> Your goal:
Transcribe every line below exactly; no image goes into the output.

> Provided material:
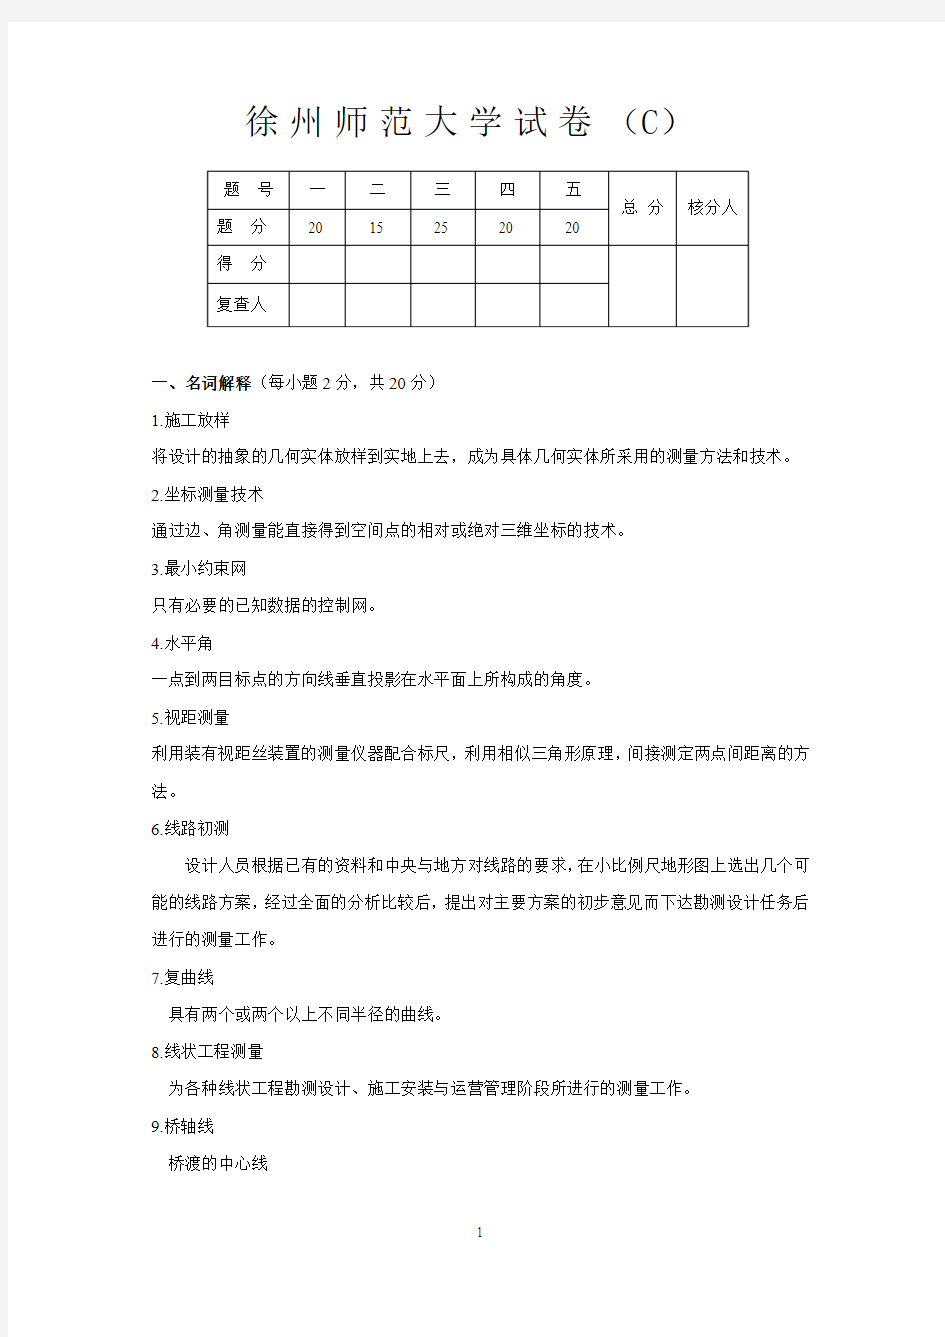 工程测量考题第3套(答案)   中国矿业大学工程测量考试试卷   复习资料
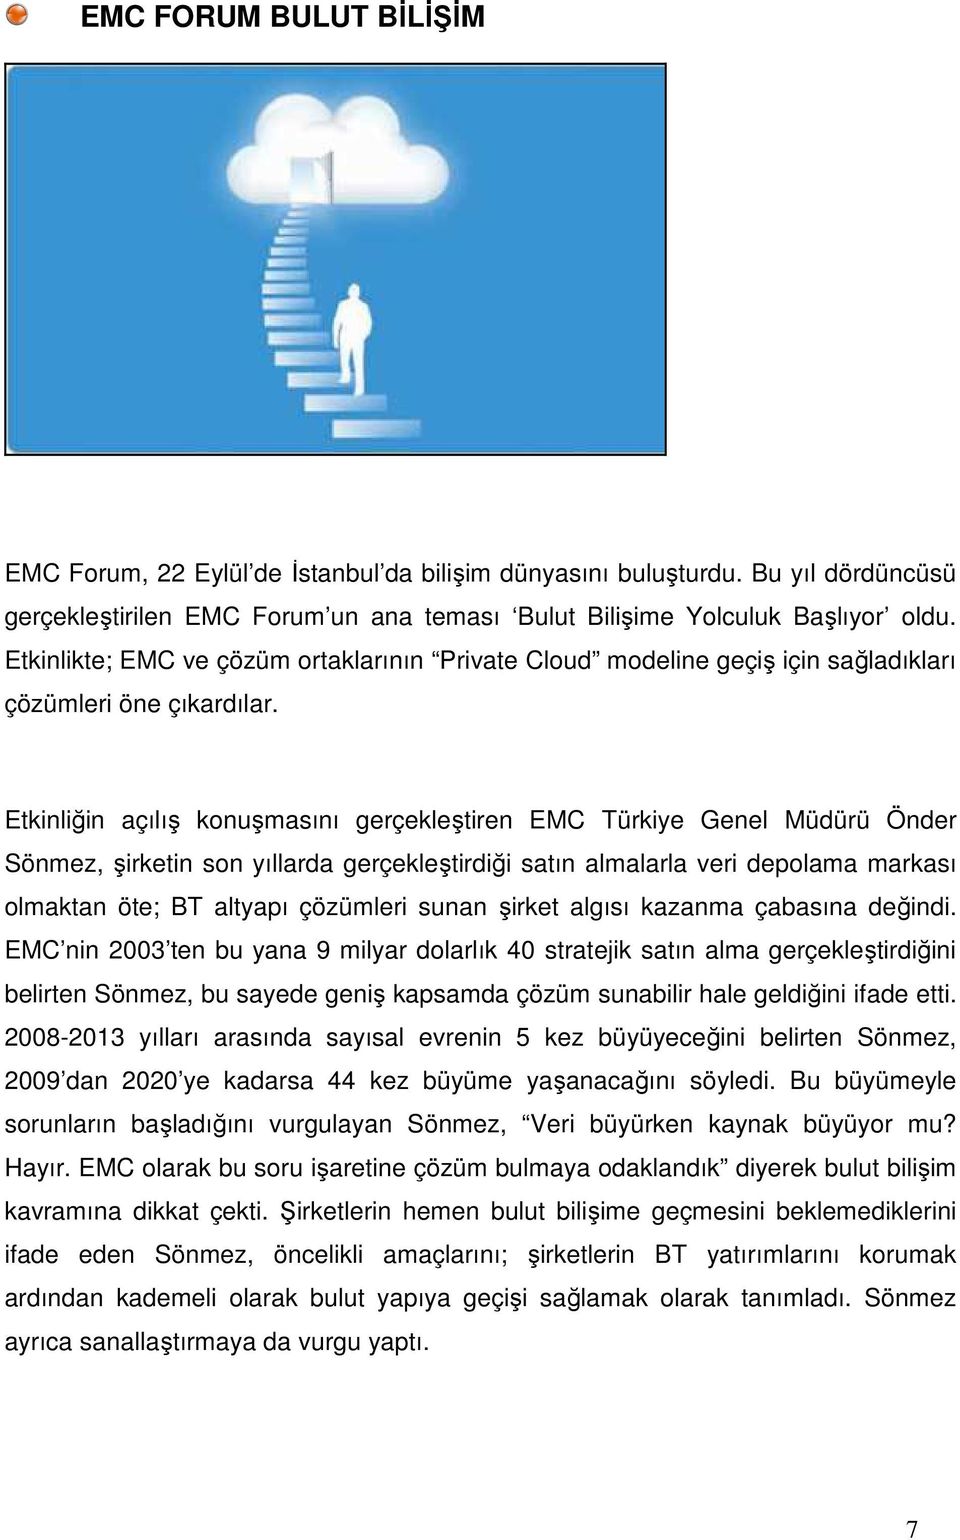 Etkinliğin açılış konuşmasını gerçekleştiren EMC Türkiye Genel Müdürü Önder Sönmez, şirketin son yıllarda gerçekleştirdiği satın almalarla veri depolama markası olmaktan öte; BT altyapı çözümleri
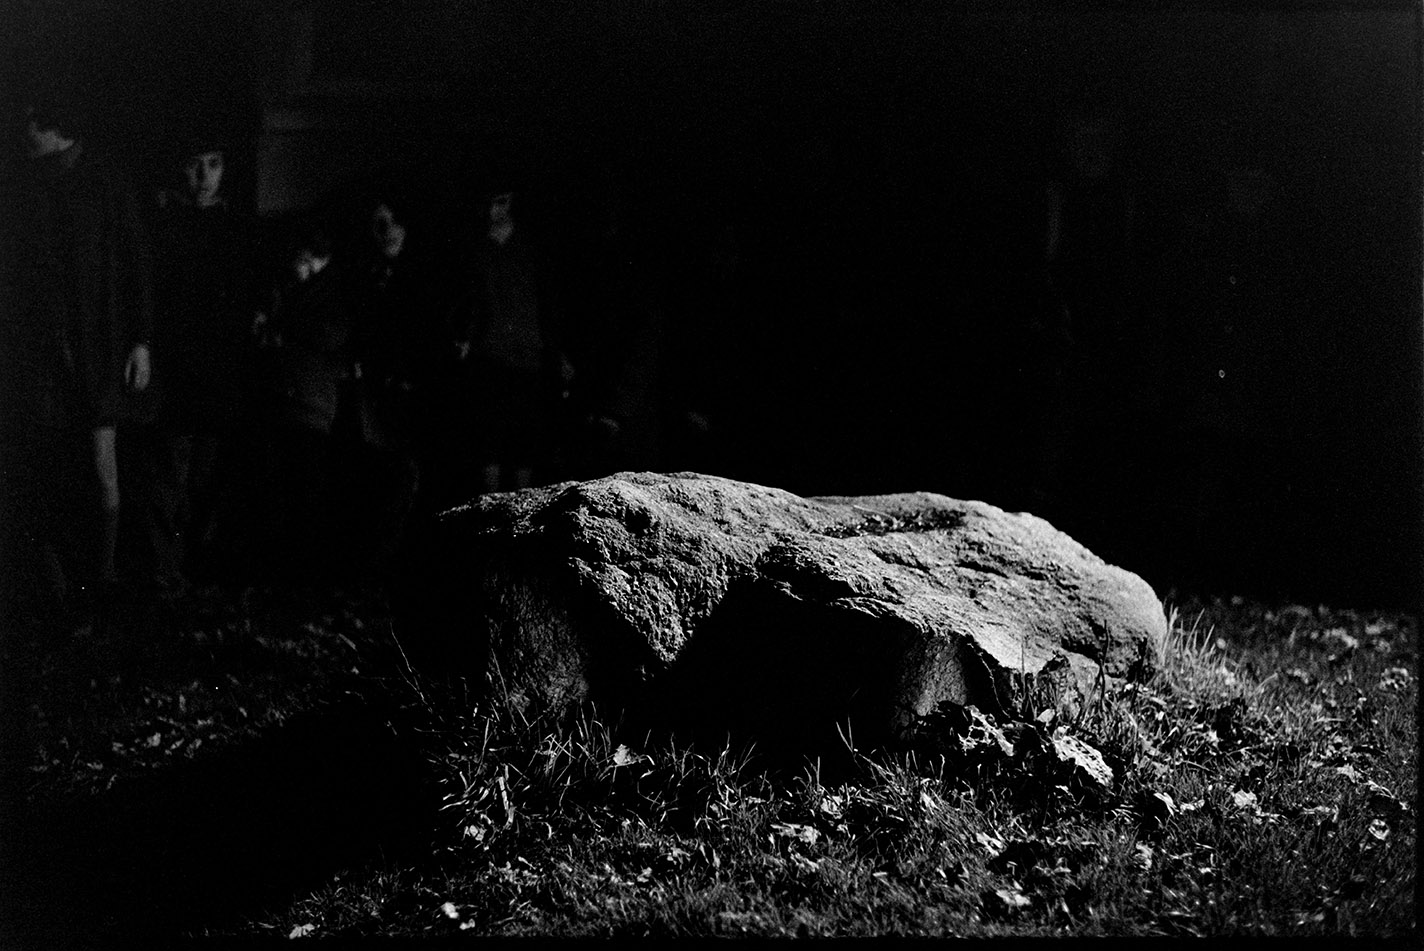 Turning the Devil's Stone, Shebbear, 5 November 1974

> Answer space:
 工程测量考题第3套(答案)   中国矿业大学工程测量考试试卷   复习资料
 Etkinliğin açılış konuşmasını gerçekleştiren EMC Türkiye Genel Müdürü Önder Sönmez, şirketin son yıllarda gerçekleştirdiği satın almalarla veri depolama markası olmaktan öte; BT altyapı çözümleri
 Turning the Devil's Stone, Shebbear, 5 November 1974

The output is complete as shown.